Matthew LaFrance, Yu Zhang
Many factors could influence a person’s annual income, for example, age, gender, race, level of education, marriage status, nationality, etc. The authors tried to fit four models of influential factors that based on a census dataset and to find a precise prediction of annual income.
The dataset was found at the UCI Machine Learning Repository. The data consists of 48,844 observations from a 1994 U.S. Census. The target variable, “Salary”, has two levels: >50k and <=50k. There are 8 categorical features and 5
numeric features consisting of demographic, educational, and occupational information. Table 1 is the variables in SAS version.

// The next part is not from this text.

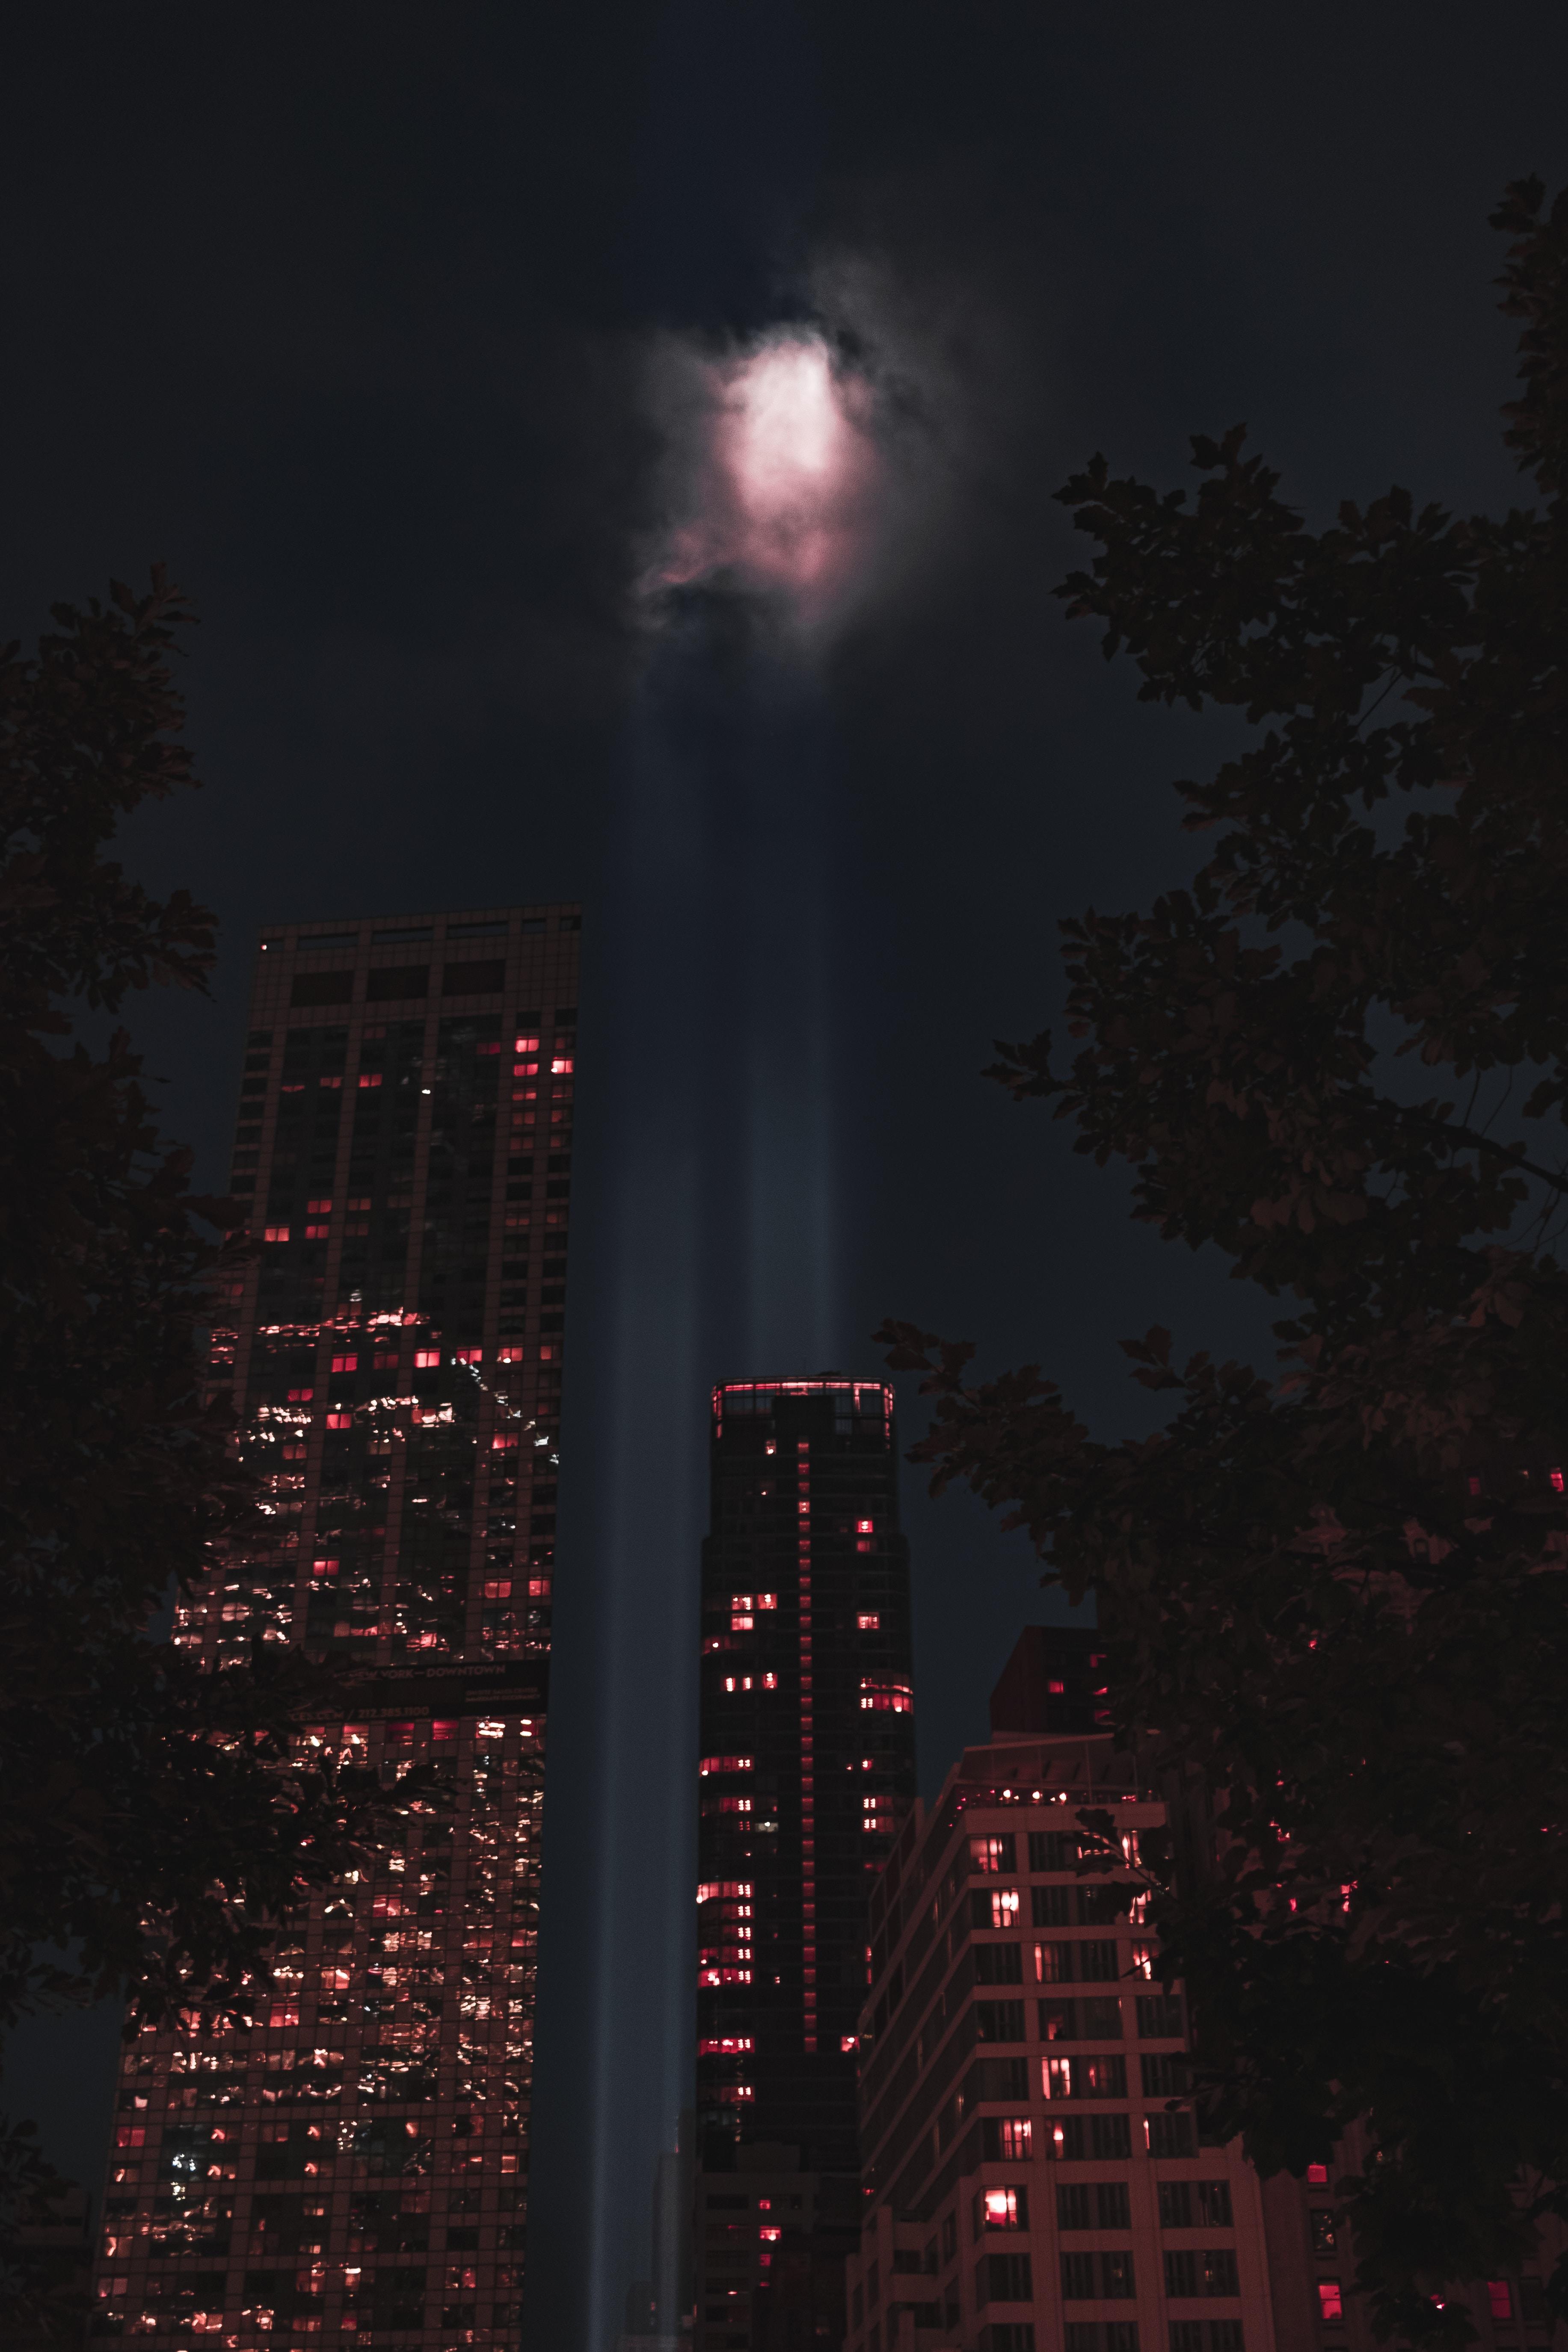 131088壁紙のダウンロード闇, 暗い, 建物, ナイト, ビーム, 光線, 輝く, 光, 市, 都市-スクリーンセーバーと写真を無料で

Table 1 Variables in the Income Dataset
The target variable “Salary” is notably unbalanced (in table 2). As a result, we noted that using raw accuracy as a success metric could potentially be misleading because a model that classifies all observations as <=50k would achieve roughly 76% accuracy.
Table 2 Salary Overview
3,622 observations contained missing values primarily in the “occupation” column. Because the occupation column had many factor levels, we decided many imputation methods wouldn’t retain enough information to justify the increase in bias, so we decided to take only complete cases. As a result, our conclusions may be biased, and we assume that the deleted observations had missing values at random. For future work, it may be worthwhile to explore other methods of handling the missing data. After deletion, the final dataset had 45,222 observations.
None of our numeric features showed strong correlations between each other (see table 3). As a result, we were not particularly concerned about multicollinearity.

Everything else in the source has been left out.